- [Task requirements]:
Without the pictures, repeat the listing character for character.

- [Information supplied]:
┄┄┄┄┄┄┄┄┄┄
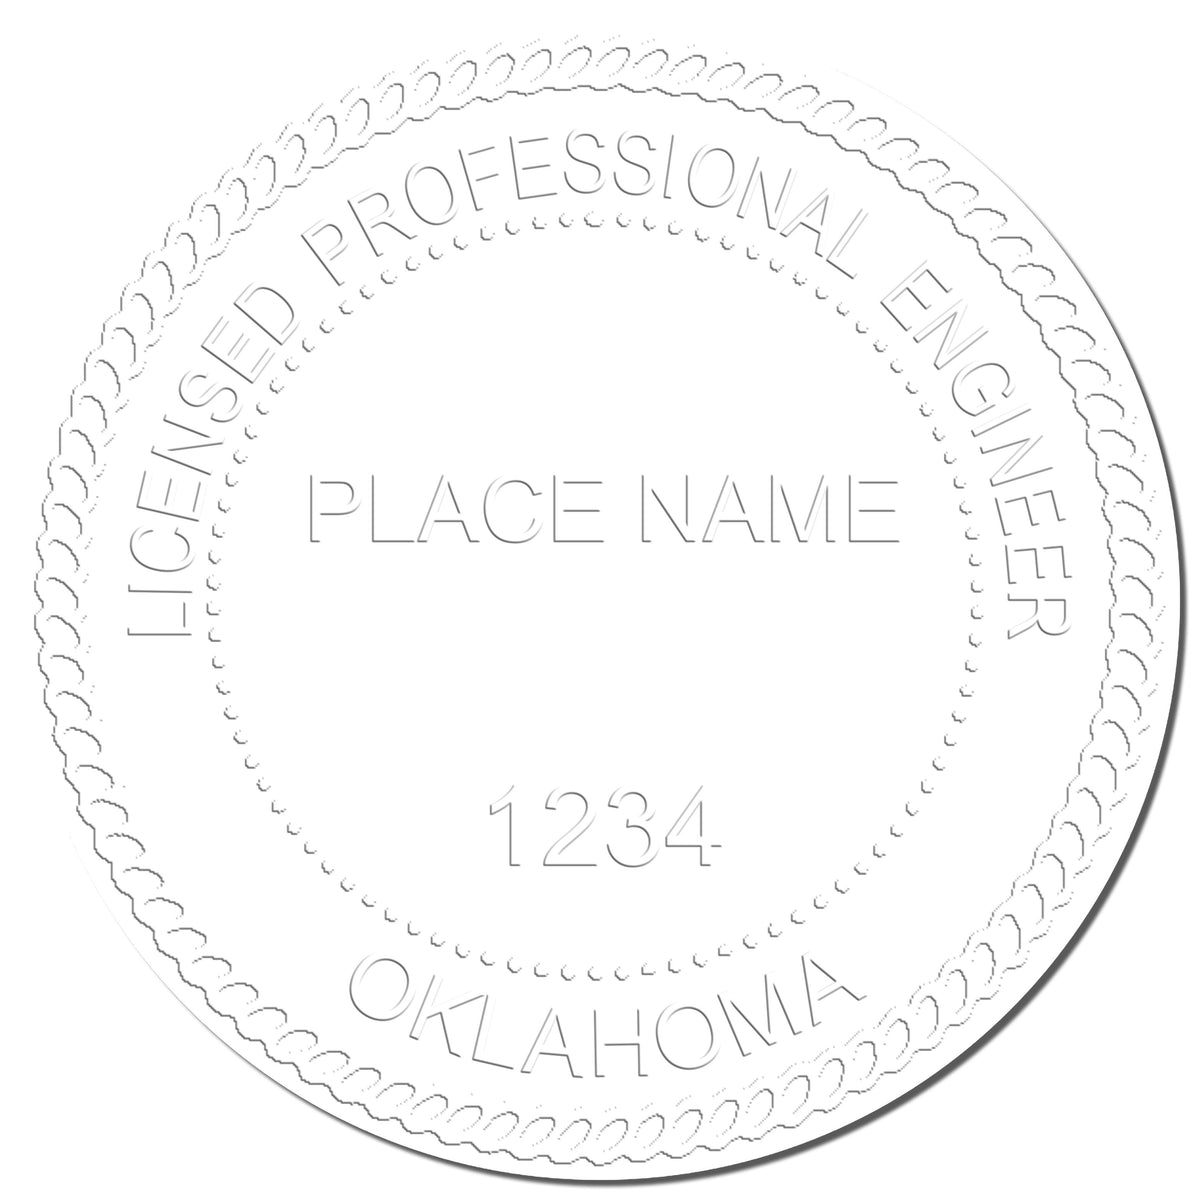 The Soft Oklahoma Professional Engineer Seal stamp impression comes to life with a crisp, detailed photo on paper - showcasing true professional quality.
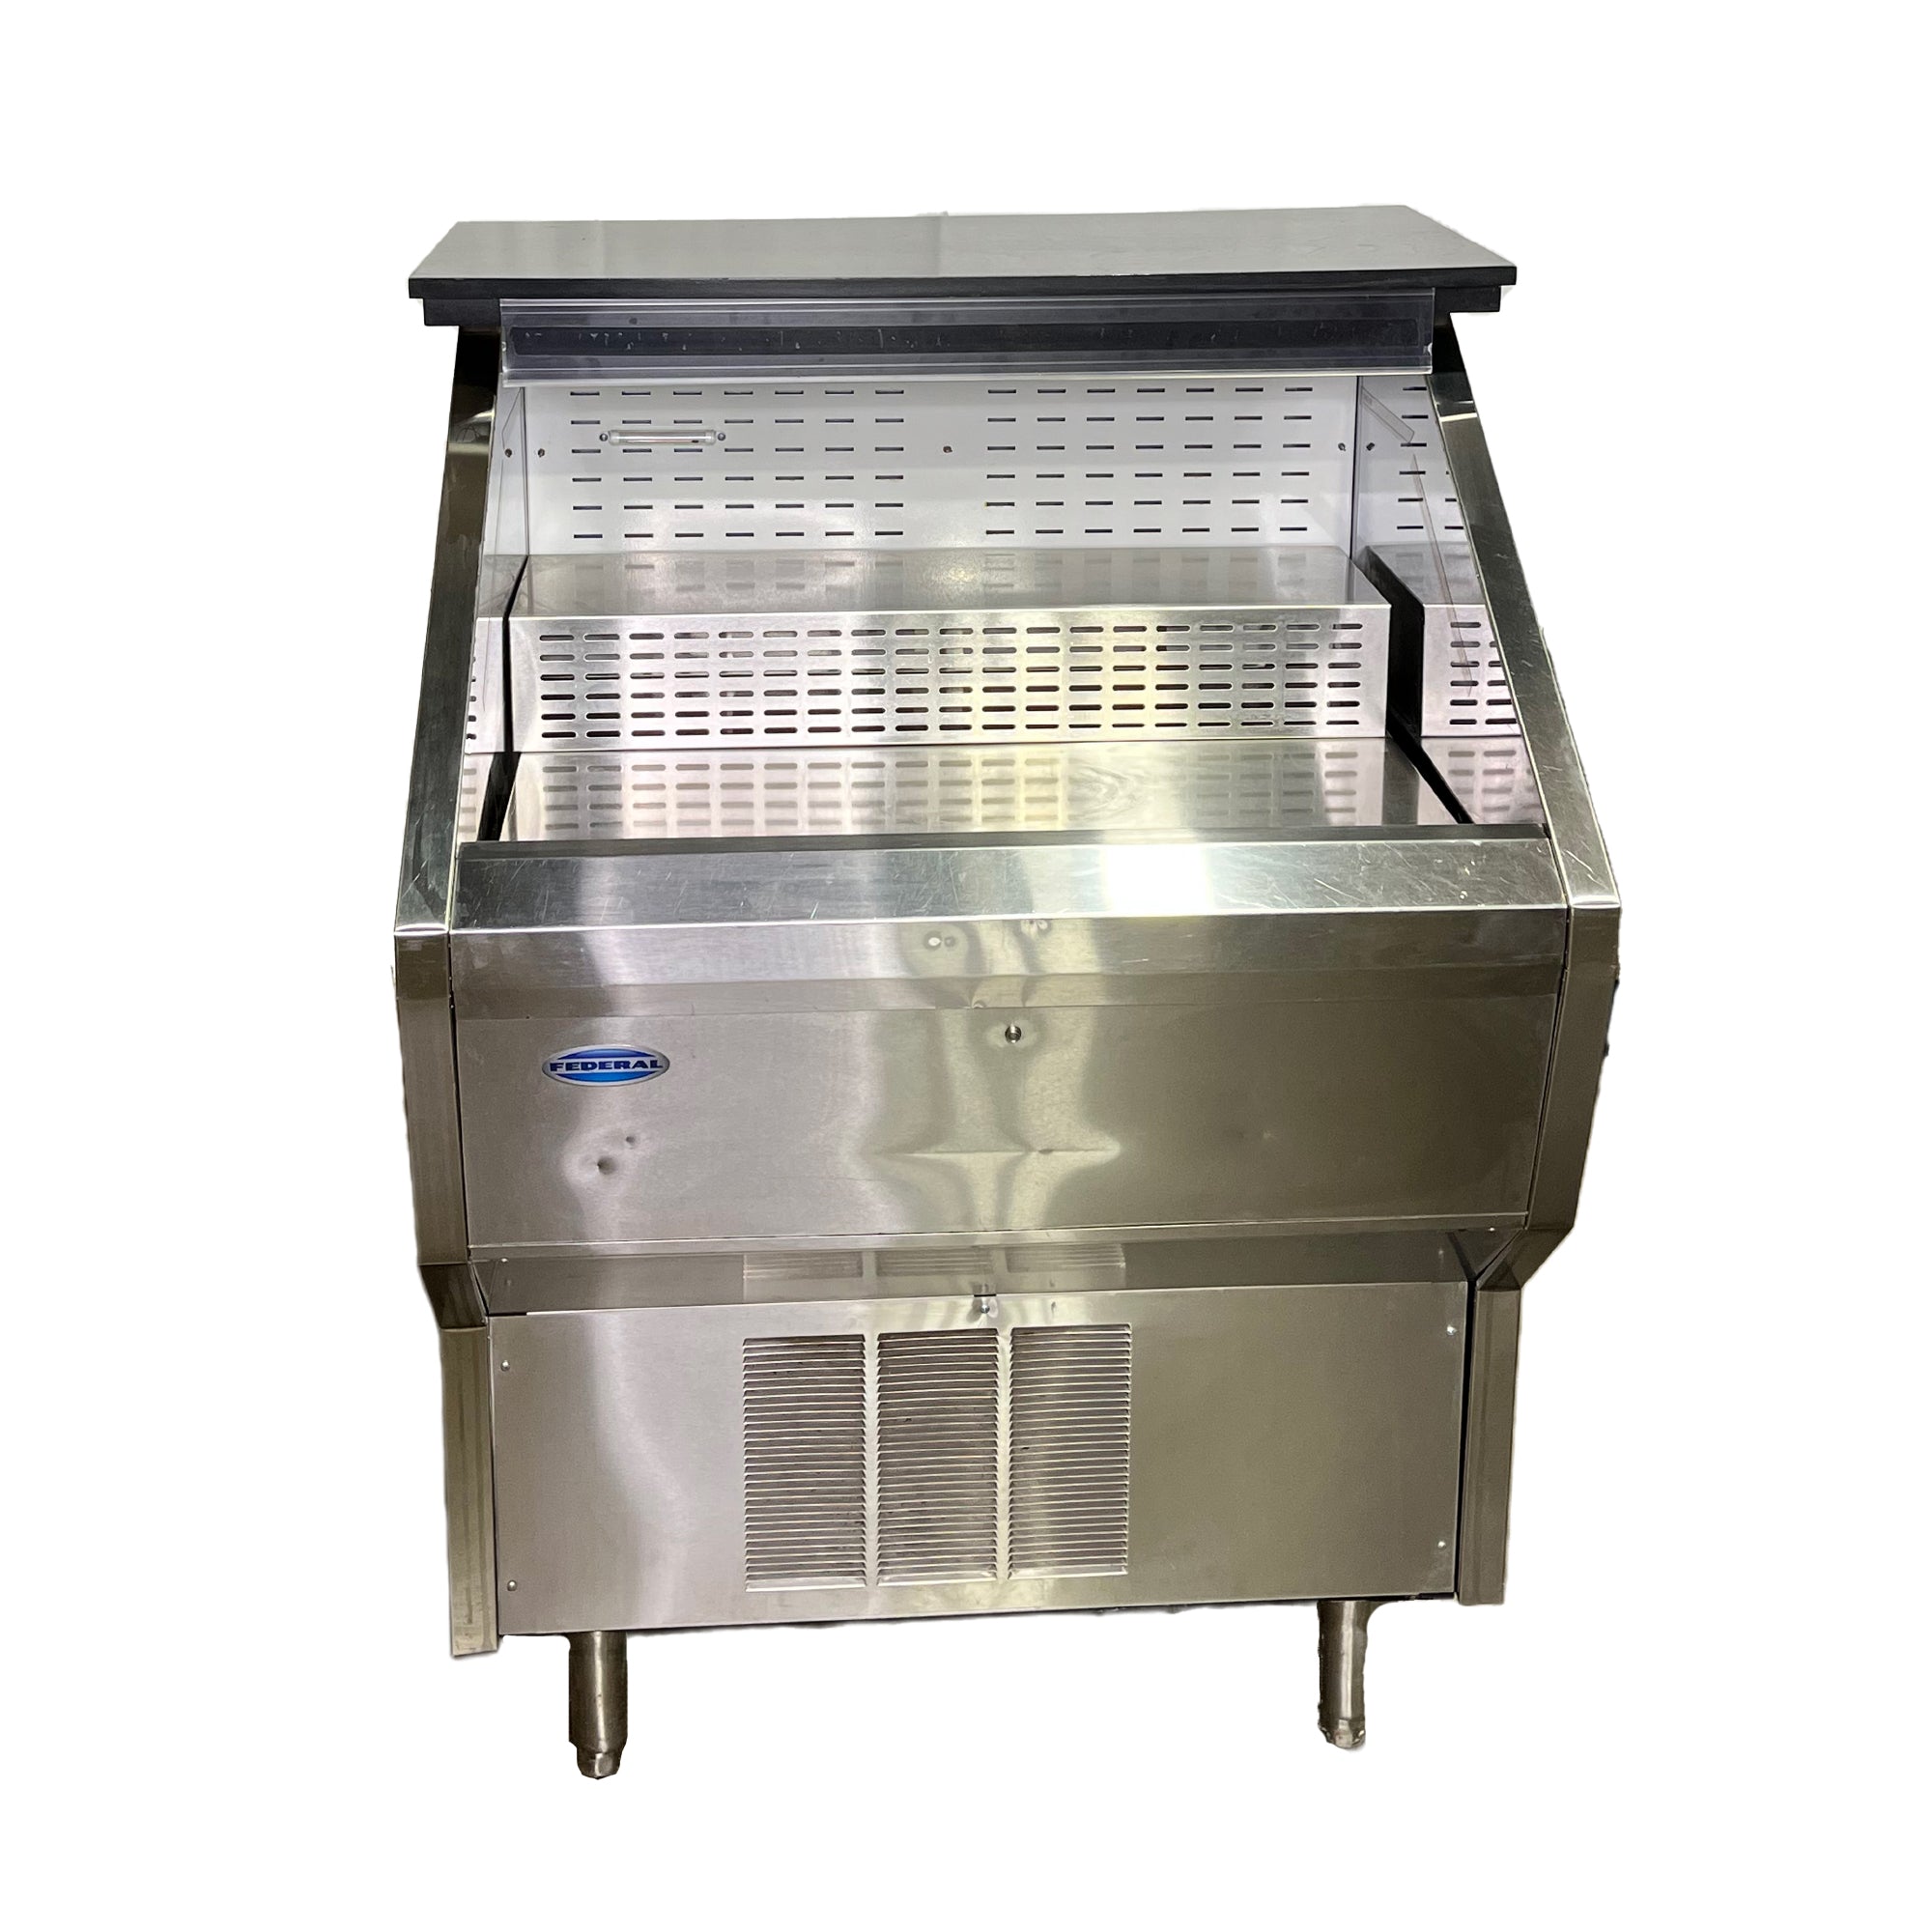 Weighing Out Fryer Basket Options - Pitco  The World's Most Reliable  Commercial Fryer Company
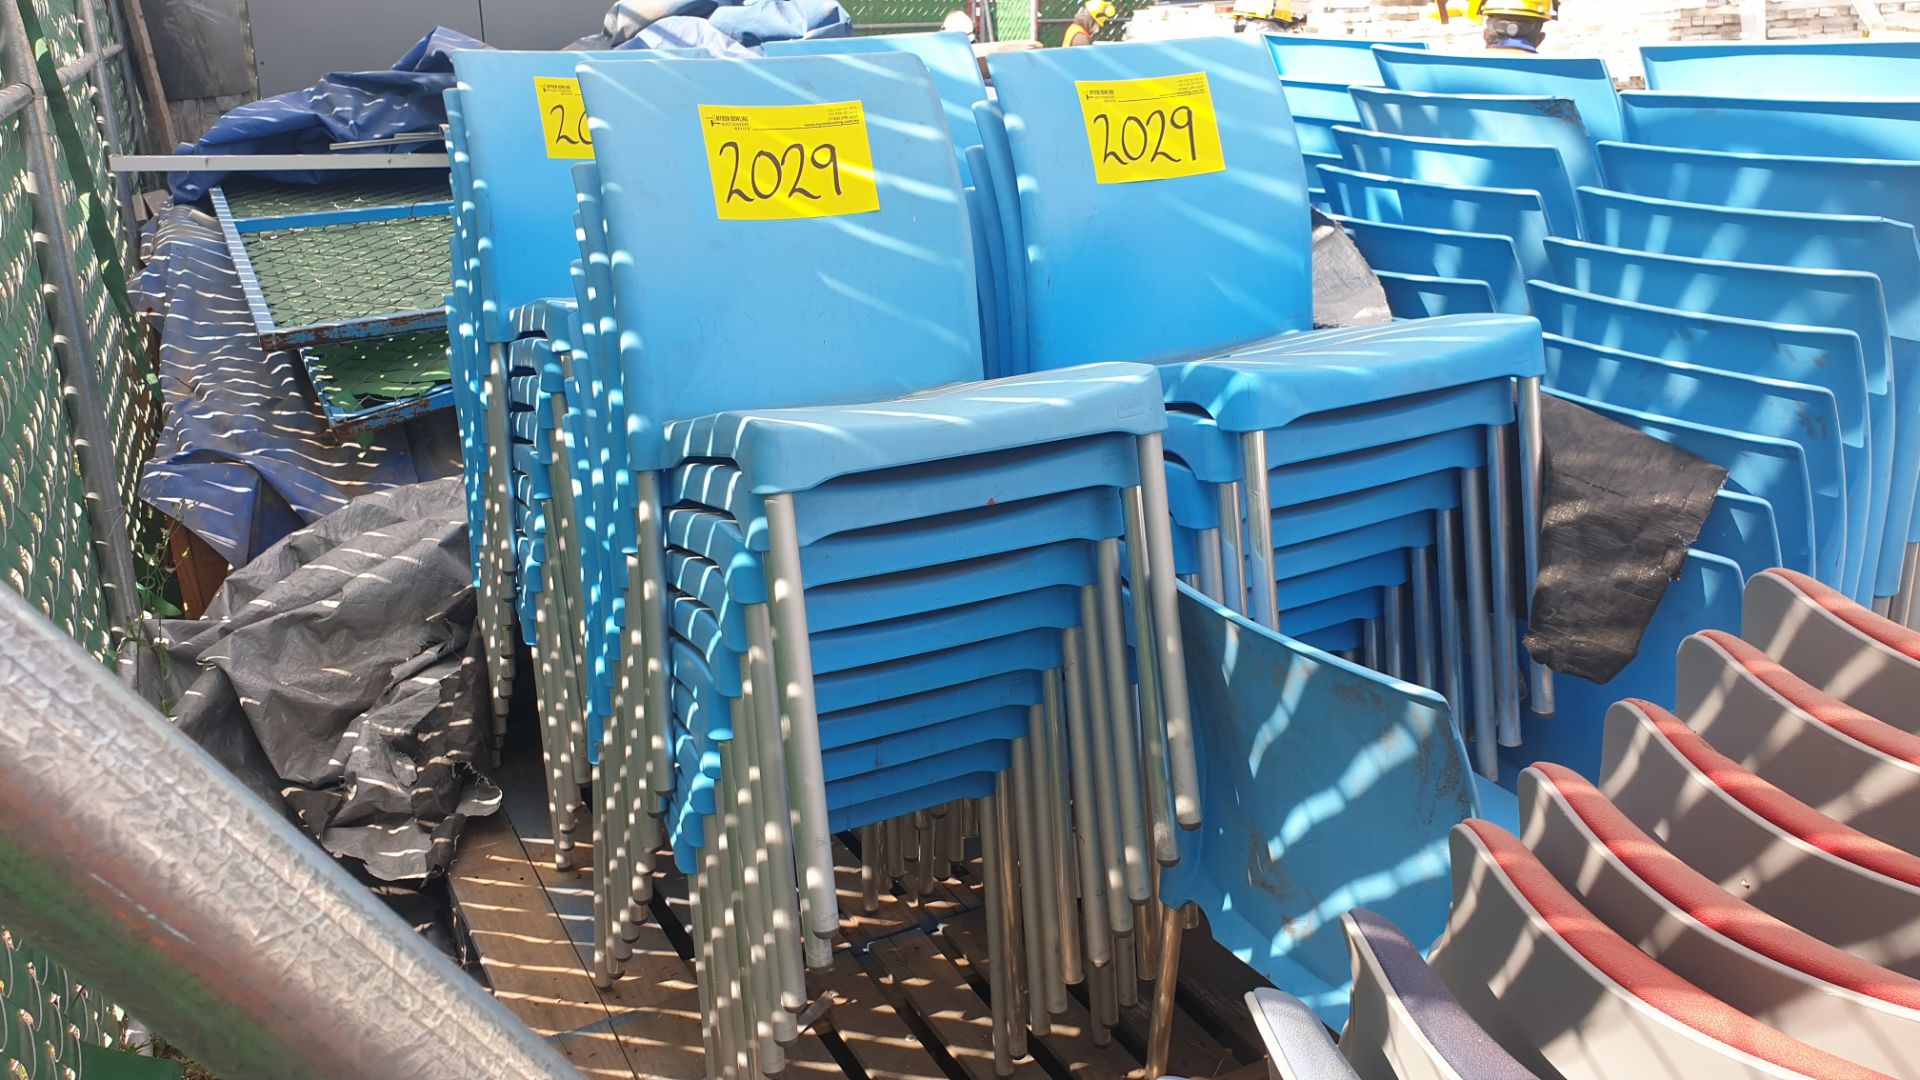 1 Lote of 40 blue plastic chairs, 7 metal chairs for office with backrest and upholstered seat - Bild 11 aus 22
┄┄┄┄┄┄┄┄┄┄
- [Written solution]:
 The Soft Oklahoma Professional Engineer Seal stamp impression comes to life with a crisp, detailed photo on paper - showcasing true professional quality.
 Weighing Out Fryer Basket Options - Pitco  The World's Most Reliable  Commercial Fryer Company
 1 Lote of 40 blue plastic chairs, 7 metal chairs for office with backrest and upholstered seat - Bild 11 aus 22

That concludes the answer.